I'm using Python 2.7.13 :: Continuum Analytics, Inc. The coverage plot shows proper allele names.
I added

def get_types(allele_id):
    allele_id = str(allele_id)
    aa = allele_id.split('_')
    if len(aa) == 1:
        return table.loc[aa[0]]['4digit']
    else:
        return table.loc[aa[0]]['4digit']  #+ '/' + table.loc[aa[1]]['4digit']

output

...
Result - Optimal solution found

Objective value:                -1135.19200000
Enumerated nodes:               0
Total iterations:               0
Time (CPU seconds):             0.02
Time (Wallclock seconds):       0.02

Total time (CPU seconds):       0.02   (Wallclock seconds):       0.02


 0:00:40.91 Result dataframe has been constructed...
Traceback (most recent call last):
  File "/rsrch2/ccp_rsch/kchang3/software/OptiType/OptiTypePipeline.py", line 411, in <module>
    result_4digit = result.applymap(get_types)
  File "/rsrch2/ccp_rsch/kchang3/.conda/envs/optitype-env/lib/python2.7/site-packages/pandas/core/frame.py", line 445
3, in applymap
    return self.apply(infer)
  File "/rsrch2/ccp_rsch/kchang3/.conda/envs/optitype-env/lib/python2.7/site-packages/pandas/core/frame.py", line 426
2, in apply
    ignore_failures=ignore_failures)
  File "/rsrch2/ccp_rsch/kchang3/.conda/envs/optitype-env/lib/python2.7/site-packages/pandas/core/frame.py", line 435
8, in _apply_standard
    results[i] = func(v)
  File "/rsrch2/ccp_rsch/kchang3/.conda/envs/optitype-env/lib/python2.7/site-packages/pandas/core/frame.py", line 445
1, in infer
    return lib.map_infer(x.asobject, func)
  File "pandas/_libs/src/inference.pyx", line 1574, in pandas._libs.lib.map_infer (pandas/_libs/lib.c:66645)
  File "/rsrch2/ccp_rsch/kchang3/software/OptiType/OptiTypePipeline.py", line 157, in get_types
    return table.loc[aa[0]]['4digit']
  File "/rsrch2/ccp_rsch/kchang3/.conda/envs/optitype-env/lib/python2.7/site-packages/pandas/core/indexing.py", line
1328, in __getitem__
    return self._getitem_axis(key, axis=0)
  File "/rsrch2/ccp_rsch/kchang3/.conda/envs/optitype-env/lib/python2.7/site-packages/pandas/core/indexing.py", line
1551, in _getitem_axis
    self._has_valid_type(key, axis)
  File "/rsrch2/ccp_rsch/kchang3/.conda/envs/optitype-env/lib/python2.7/site-packages/pandas/core/indexing.py", line
1442, in _has_valid_type
    error()
  File "/rsrch2/ccp_rsch/kchang3/.conda/envs/optitype-env/lib/python2.7/site-packages/pandas/core/indexing.py", line
1429, in error
    (key, self.obj._get_axis_name(axis)))
KeyError: ('the label [1135.192] is not in the [index]', u'occurred at index obj')

Attached is my env
optitype_env.txt

Bin Song · Answer 3 · Fri Apr 17 2020 15:51:23 GMT+0800 (China Standard Time)
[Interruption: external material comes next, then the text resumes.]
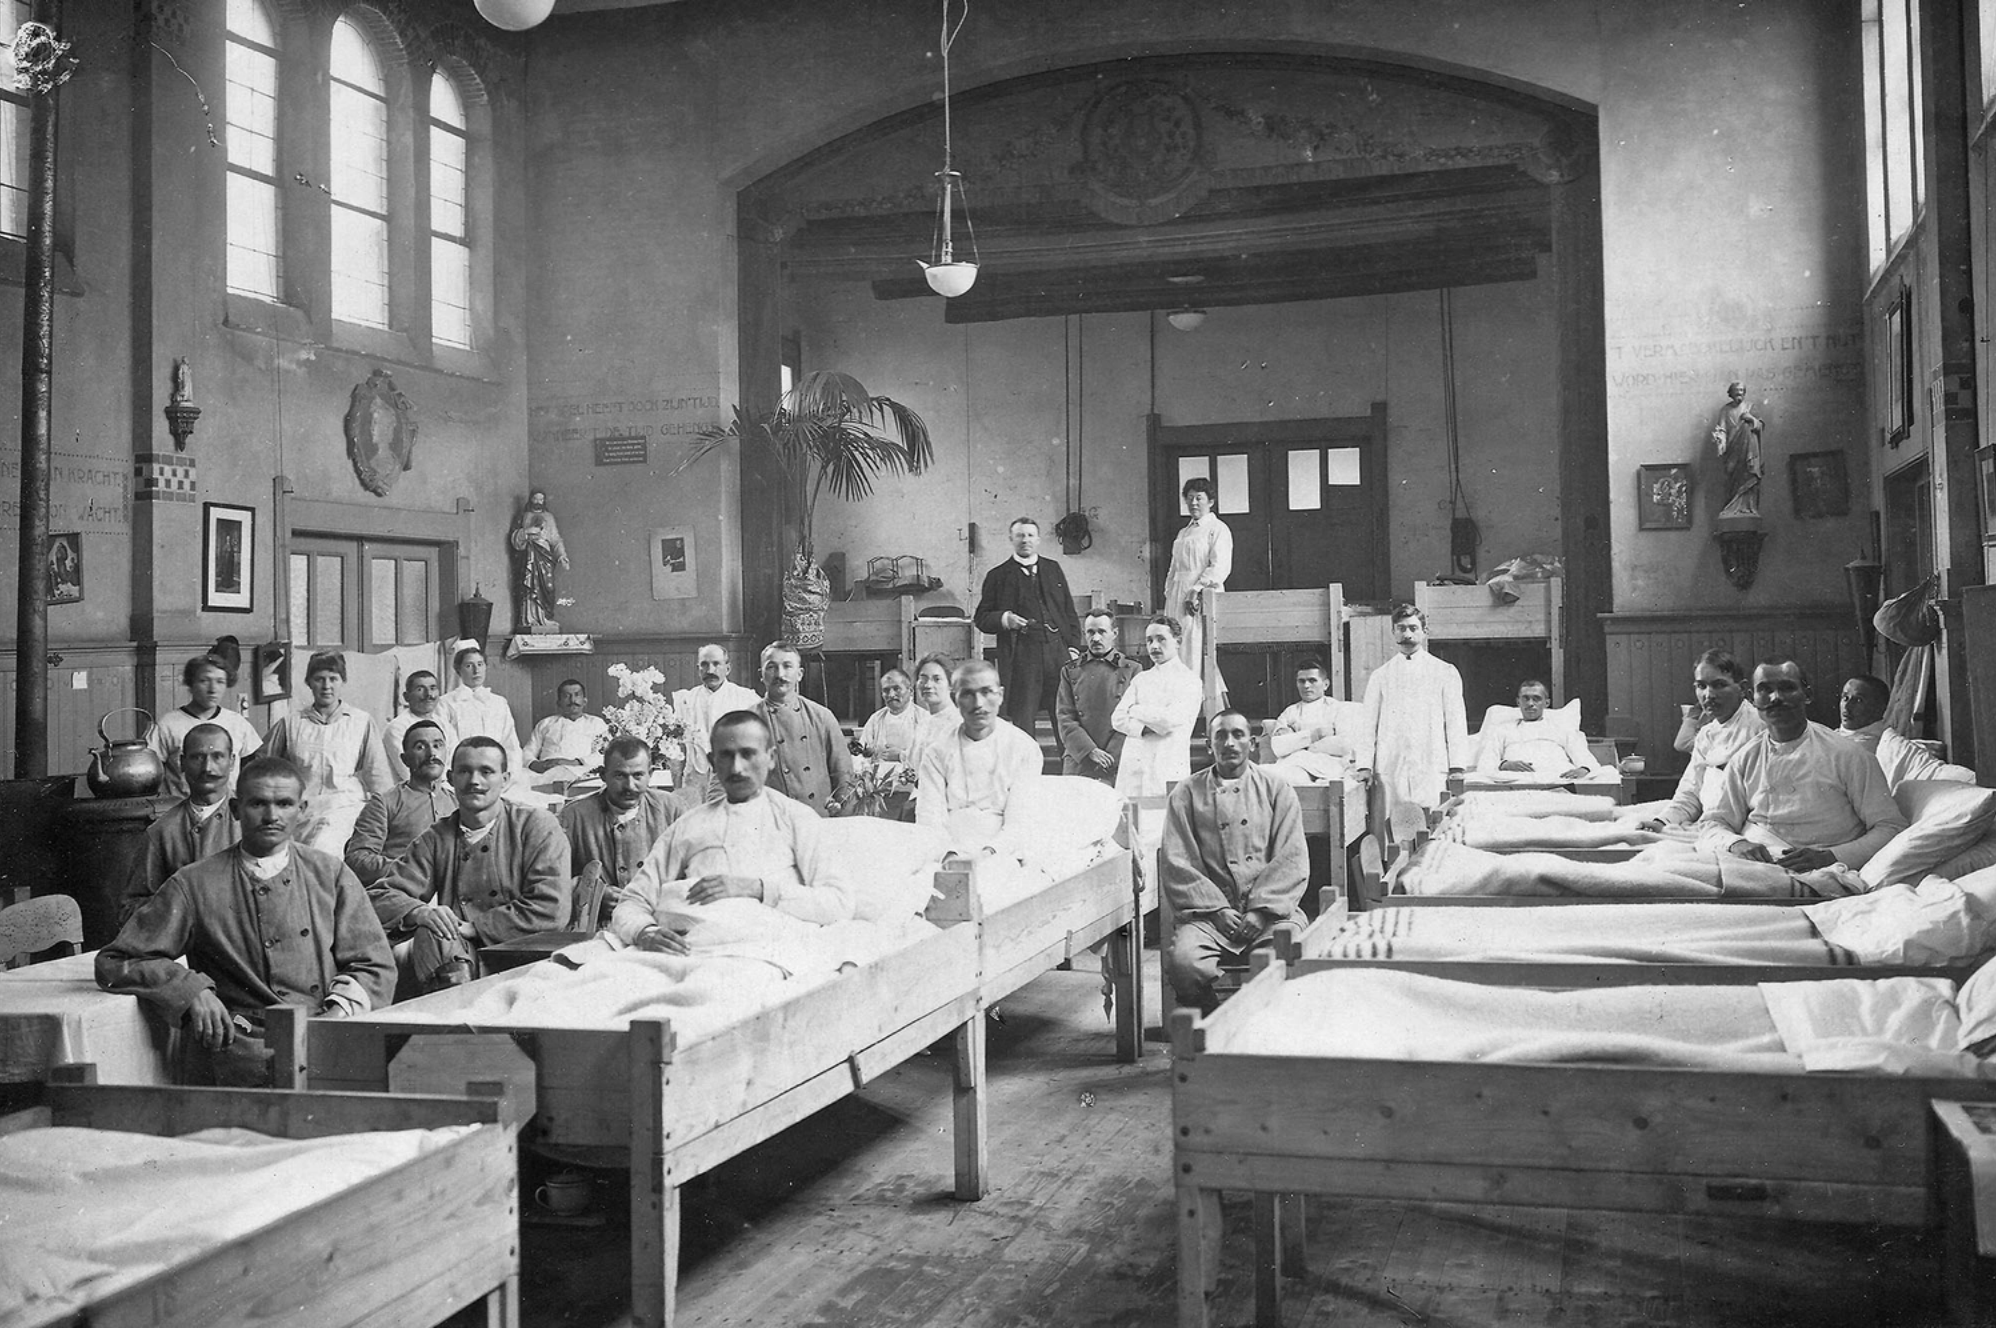 История госпиталей. Испанка Пандемия 20 века. Испанка, 1918 - 20, Пандемия гриппа.
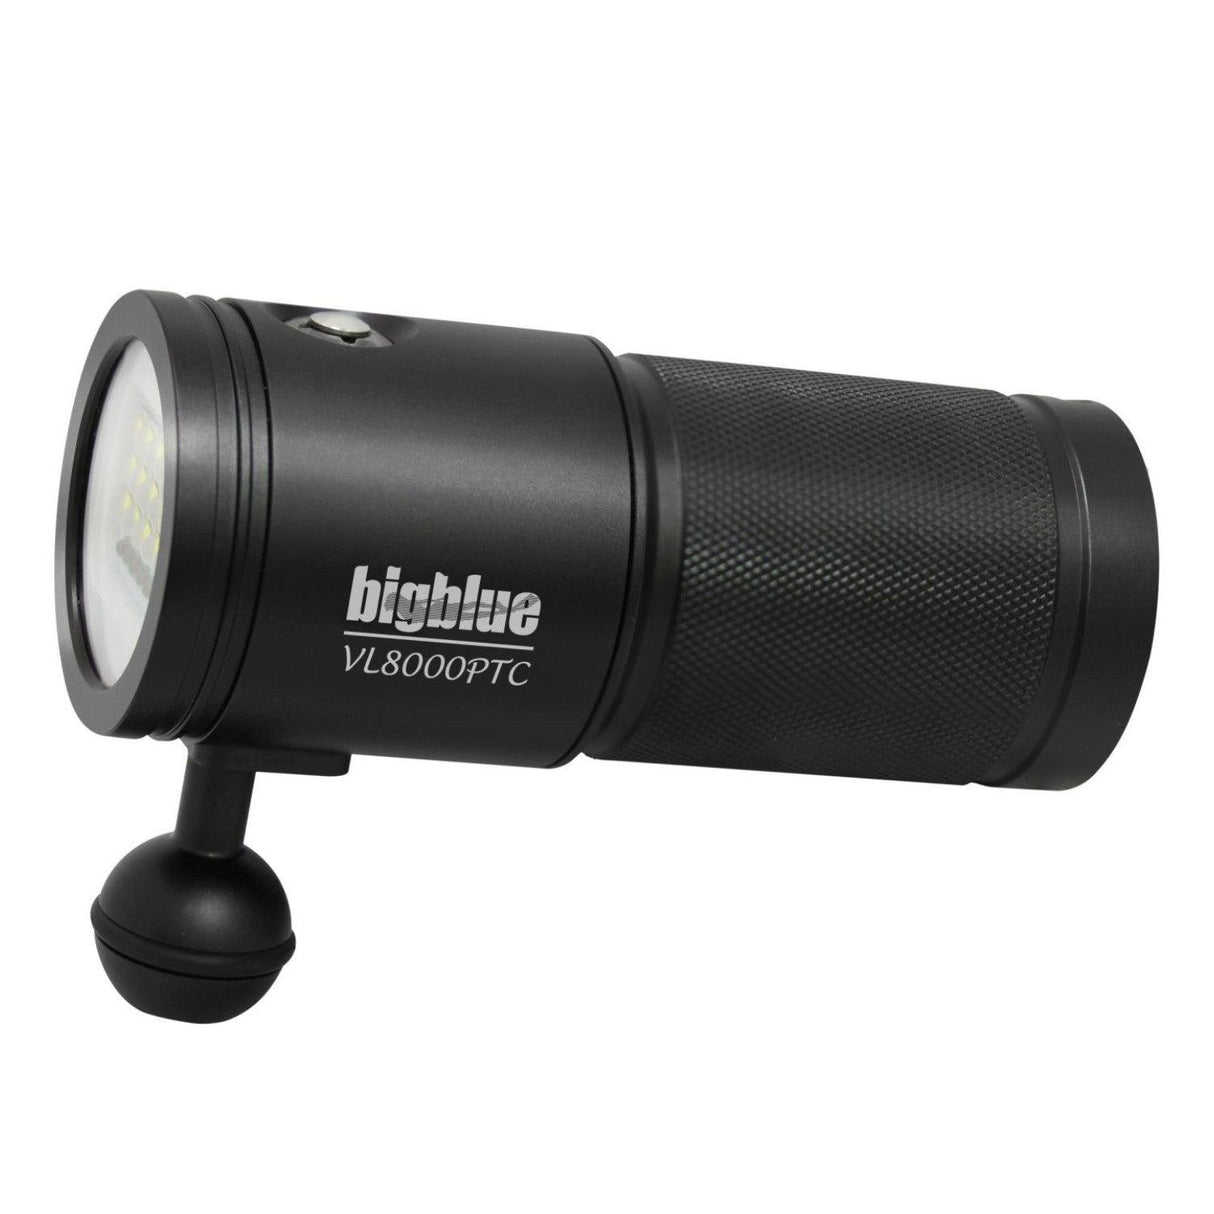 BigBlue 8000 Lumen Tri-Color Video Light - Black-

Same problem: "the IMGT sequence identifiers did not get converted back to the customary HLA allele naming format".
A primary debug shows that pandas version may be relevant.
A simple change of the 'get_types' function seems to work:
Change the 151 line from

if not isinstance(allele_id, str):

to

if isinstance(allele_id, float):